# smith and wesson body guard .380



## CHUMM BUCKET (Jul 2, 2008)

it came in last week @ mikes gunshop after being on back order for a few weeks. took it to the farm this weekend and performed great. no complaints at all. no failures of any kind. they only got in a few extras and they had the lowest price i found.


----------



## T-REX (Mar 1, 2011)

Thanks ill tell my wife! Bahahahaba!!


----------



## FrankwT (Jul 25, 2010)

So tell us how it worked and accuracy,ammo you used, recoil, I have heard nothing but good about them. I run the KT P3AT for the size and weight and only need 1 pocket gun but want to hear anyway.


----------



## K-Bill (May 14, 2009)

hey joe does the laser come already sighted in? i've wondered about that with these guns.


----------



## CHUMM BUCKET (Jul 2, 2008)

*s&w body guard*

i shot win fmj 95 grain 

i was at the farm and set up some cans while taking a break from cutting new food plots. not real sure on accuracy from just shooting at a couple cans. the gun felt great unlike some of the other compact 380`s i have shot. 

as far as the laser goes, it seems to be close but i didn`t mess with it much. i am going to take some real targets this weekend and do a little more serious shooting so we will see how accurate i/the gun is.

oh and t-rex, don`t worry about telling your wife about my gun. she likes how all of my "guns" perform.


----------



## T-REX (Mar 1, 2011)

Yea she said you had a small caliber though with little to no recoil an she preferred my big caliber!!!!!


----------



## CHUMM BUCKET (Jul 2, 2008)

*your "big" caliber*

yeah i saw your "big" caliber sitting the night stand. thats just sick!


----------



## Pierce07 (Nov 13, 2007)

So any update on the gun? Did they work out the firing pin issue? How many rounds have you put through the gun?

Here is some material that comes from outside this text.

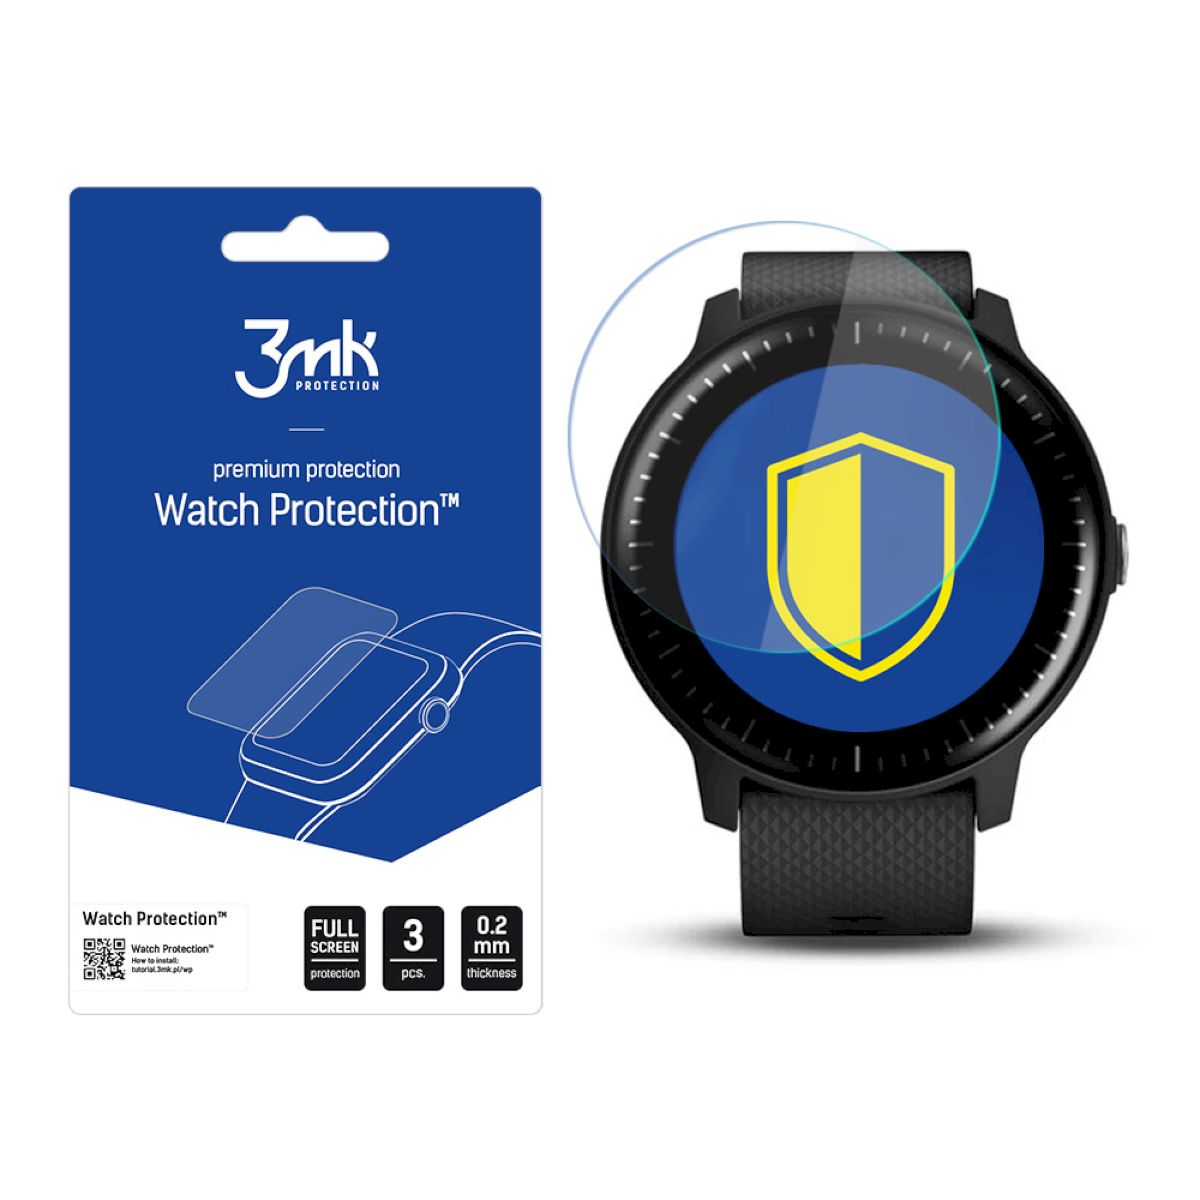 Garmin Vivoactive 3 Music Folia ochronna 3 szt - 3mk Watch Protection ARC+  - 32,90 zł - Otozegarki.pl

I'm wanting to get one just wanted to make sure the new batch doesn't have any problems.


----------



## user207 (Oct 1, 2007)

I had one come in today if anybody is interested.


----------



## CHUMM BUCKET (Jul 2, 2008)

*firing pin?*



Pierce07 said:


> So any update on the gun? Did they work out the firing pin issue? How many rounds have you put through the gun?
> 
> I'm wanting to get one just wanted to make sure the new batch doesn't have any problems.


 
i am unaware of any firing pin issue. i still havent put a ton of rounds thru it but i have had zero problems with it. i reccomend the gun highly.


----------